**What you will do:** Write out exactly the lines below starting at the one containing "2 Comotomo Baby Bottles for $11.99" and ending at the one containing "Gesetzblatt (GBl.) der". Omit every picture.

**Material supplied:**
::::::::::

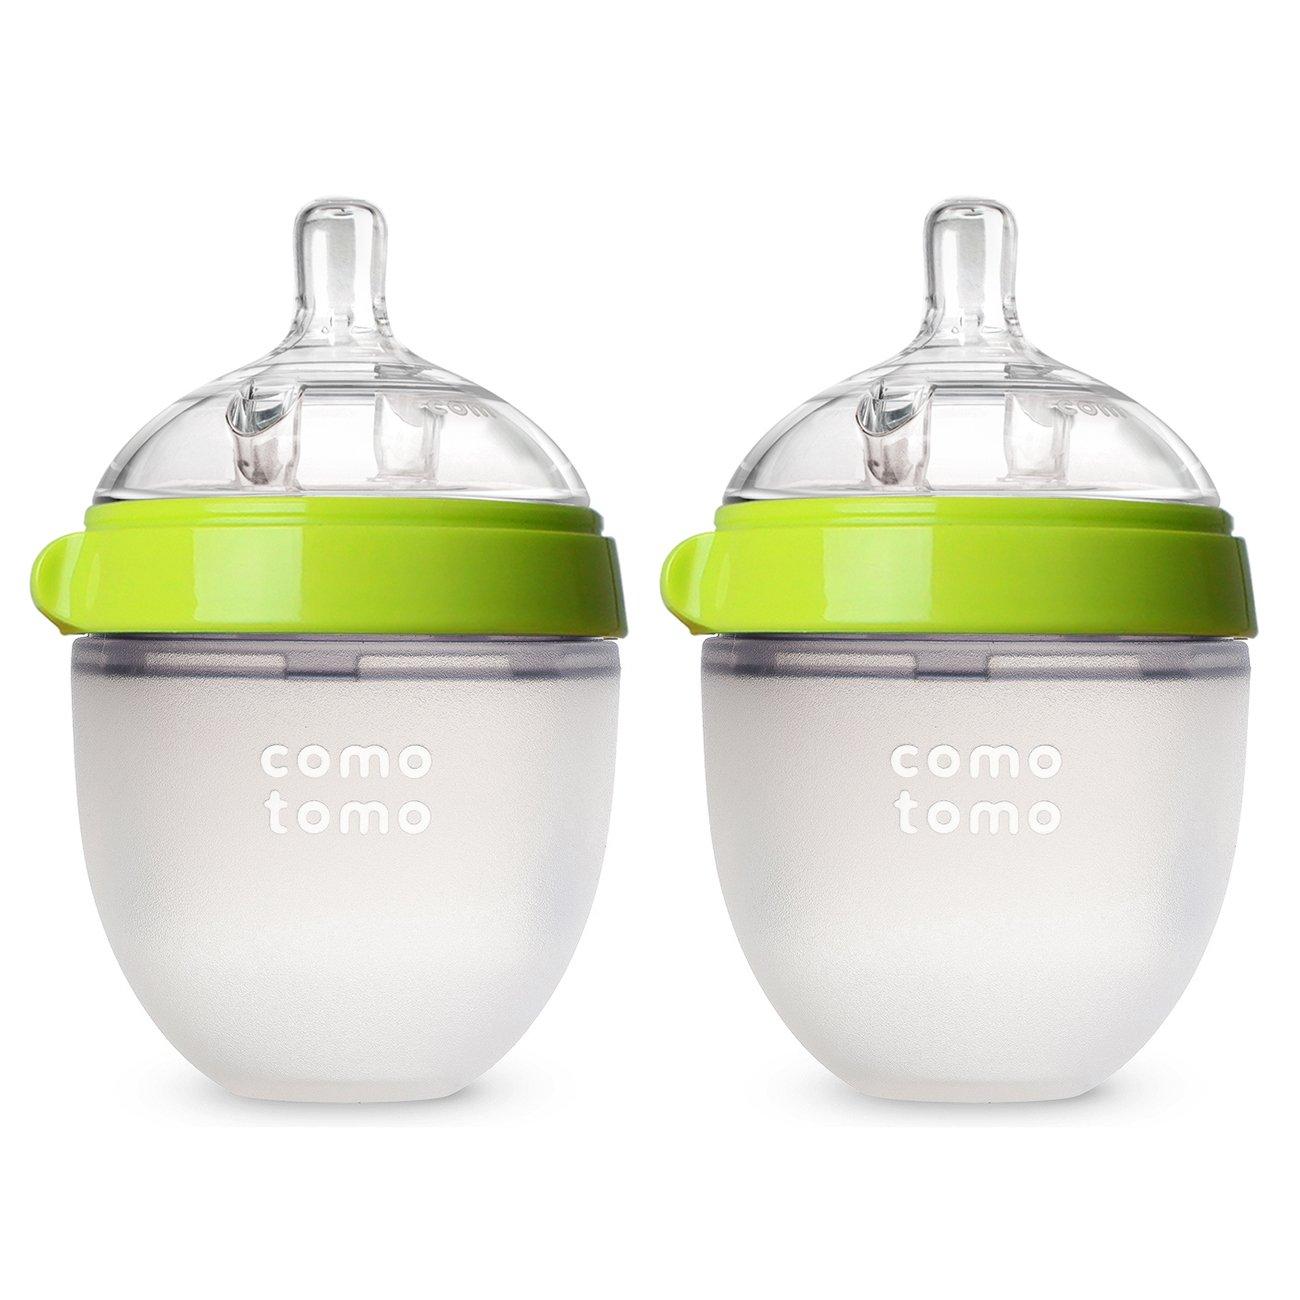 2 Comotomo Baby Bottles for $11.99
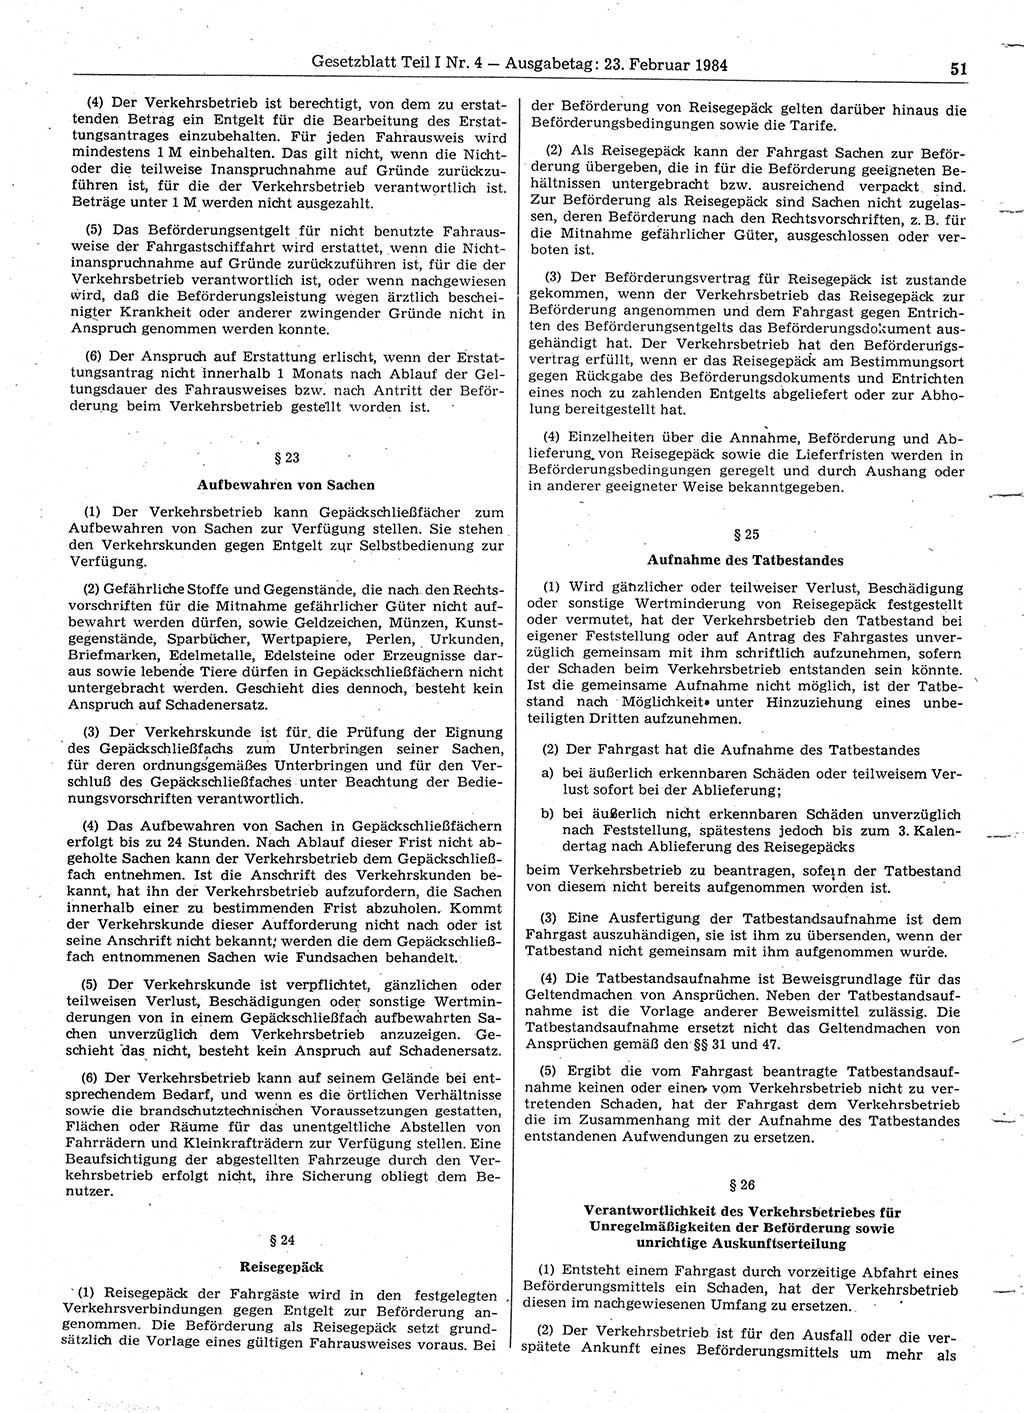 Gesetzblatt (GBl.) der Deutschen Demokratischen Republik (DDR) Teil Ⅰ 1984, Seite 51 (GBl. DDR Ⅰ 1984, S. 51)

::::::::::

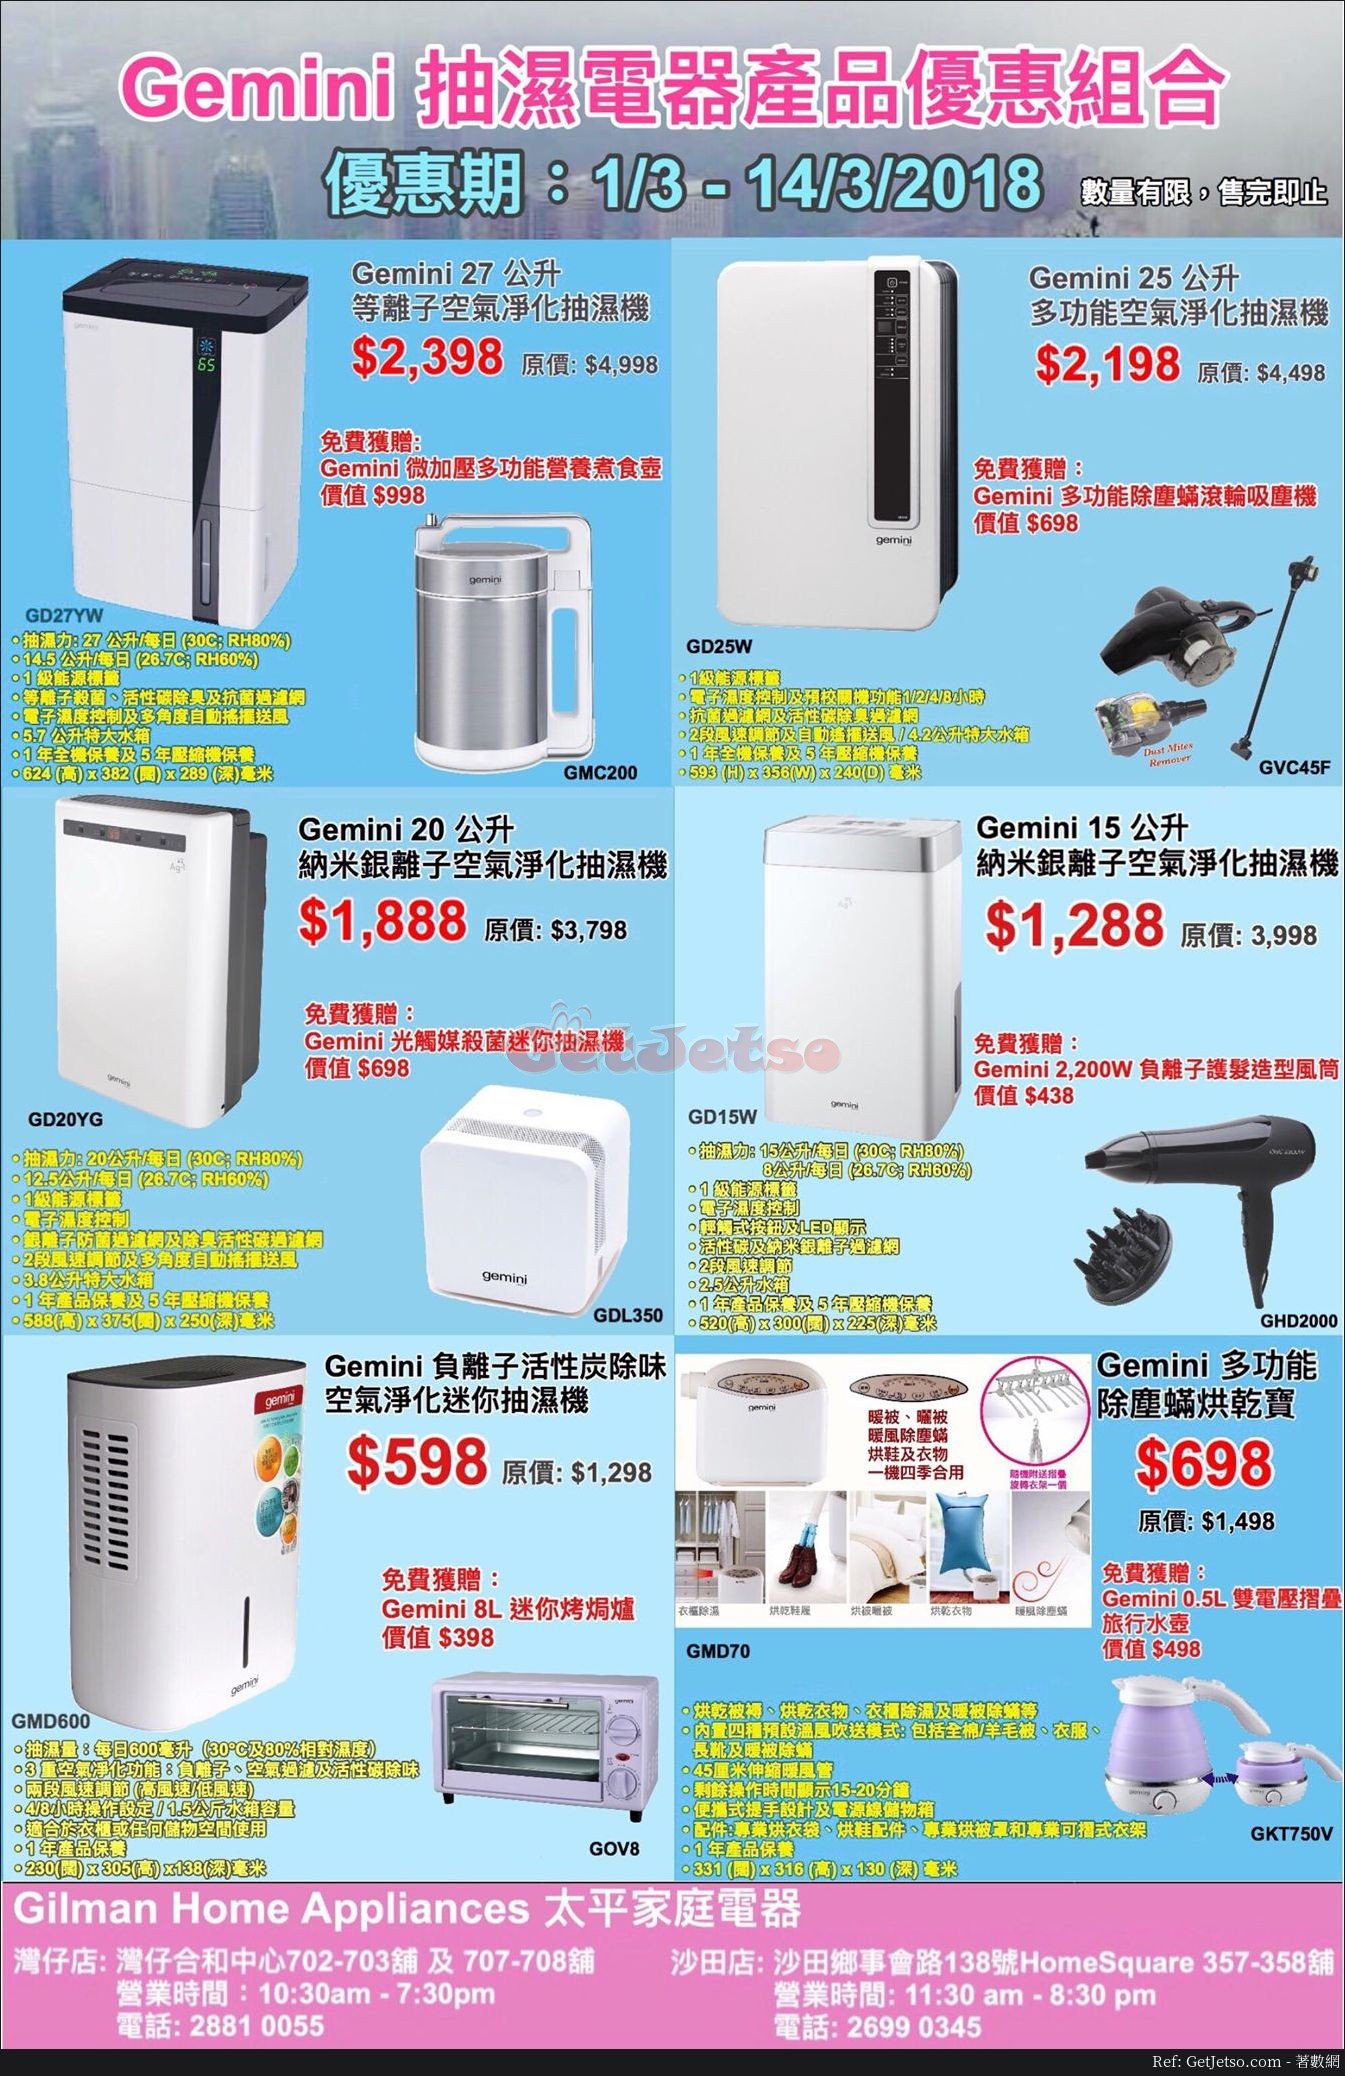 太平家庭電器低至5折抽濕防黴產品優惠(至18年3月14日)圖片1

::::::::::

**Your response:**
 2 Comotomo Baby Bottles for $11.99
 Gesetzblatt (GBl.) der Deutschen Demokratischen Republik (DDR) Teil Ⅰ 1984, Seite 51 (GBl. DDR Ⅰ 1984, S. 51)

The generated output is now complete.